───── SOURCE RECORDS
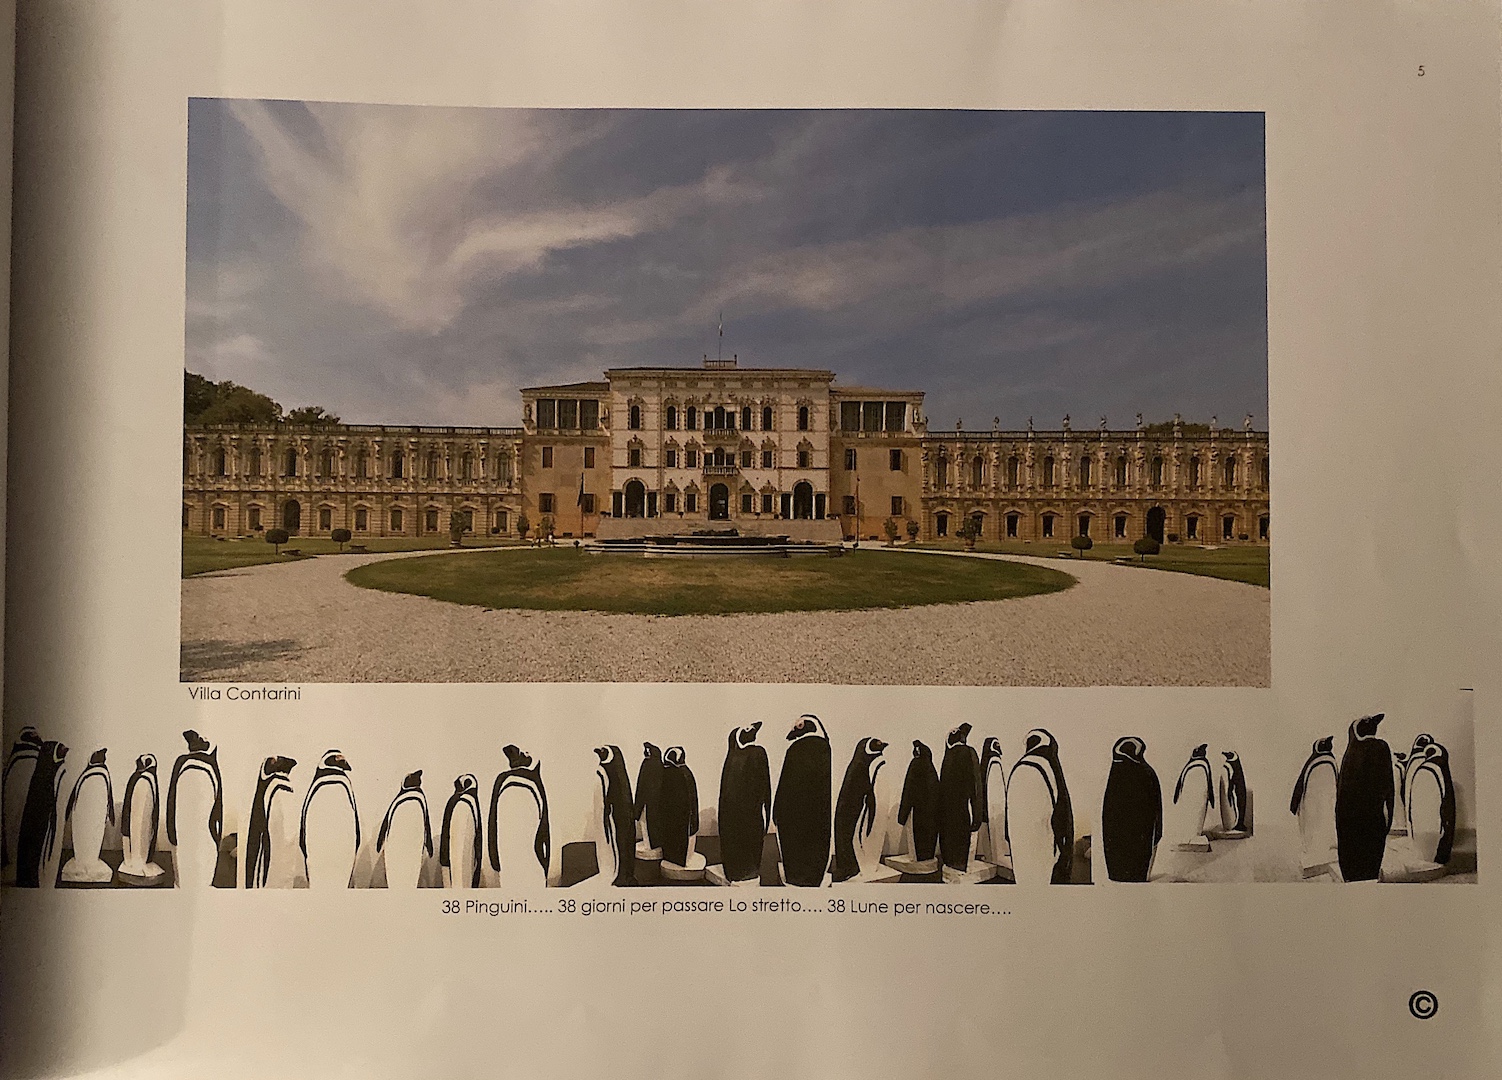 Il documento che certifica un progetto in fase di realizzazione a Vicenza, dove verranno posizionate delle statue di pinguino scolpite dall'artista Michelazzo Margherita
──────────
───── SOURCE RECORDS
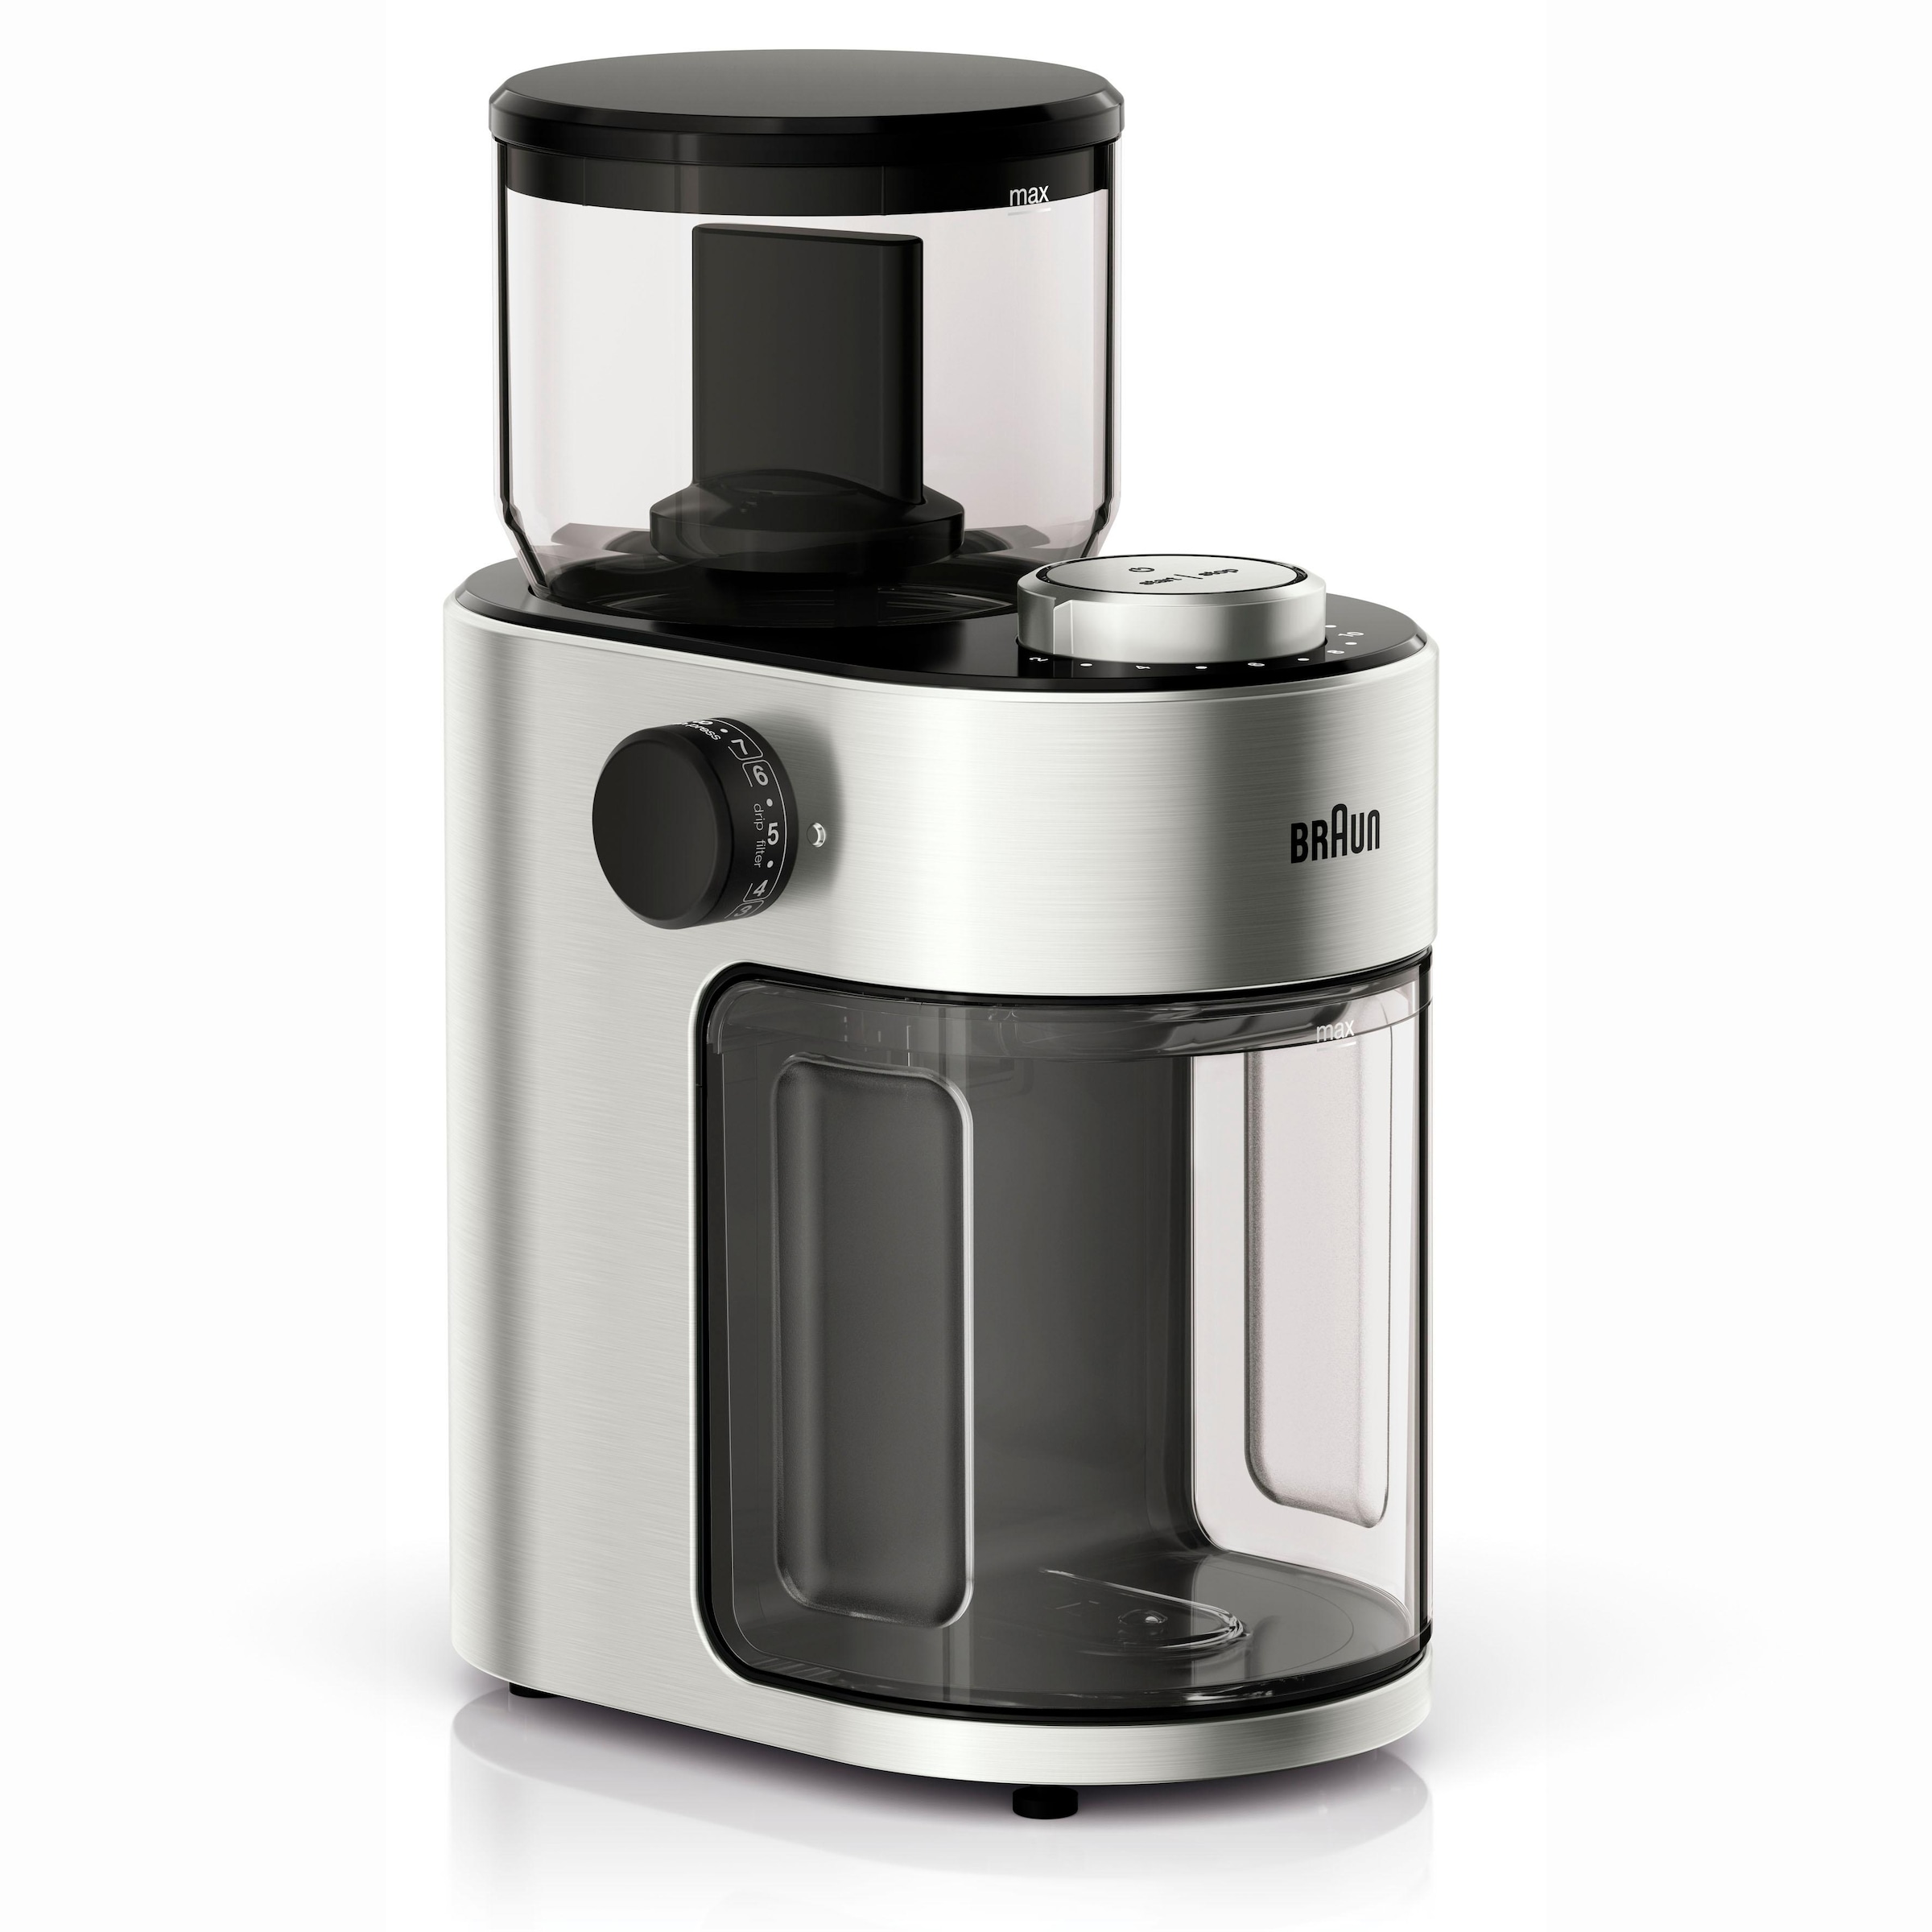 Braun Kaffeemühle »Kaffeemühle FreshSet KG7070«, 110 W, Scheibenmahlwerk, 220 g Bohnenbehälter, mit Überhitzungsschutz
──────────
───── SOURCE RECORDS
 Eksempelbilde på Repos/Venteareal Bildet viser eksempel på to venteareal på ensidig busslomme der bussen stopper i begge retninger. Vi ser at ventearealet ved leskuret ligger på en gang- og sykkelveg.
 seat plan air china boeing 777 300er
──────────
● YOUR ASSIGNMENT: Output the lines of the records above exactly as they appear, from the line containing "Eksempelbilde på Repos/Venteareal" through the line containing "seat plan air china boeing 777 300er".

● EXPECTED OUTPUT:
 Eksempelbilde på Repos/Venteareal Bildet viser eksempel på to venteareal på ensidig busslomme der bussen stopper i begge retninger. Vi ser at ventearealet ved leskuret ligger på en gang- og sykkelveg.
 seat plan air china boeing 777 300er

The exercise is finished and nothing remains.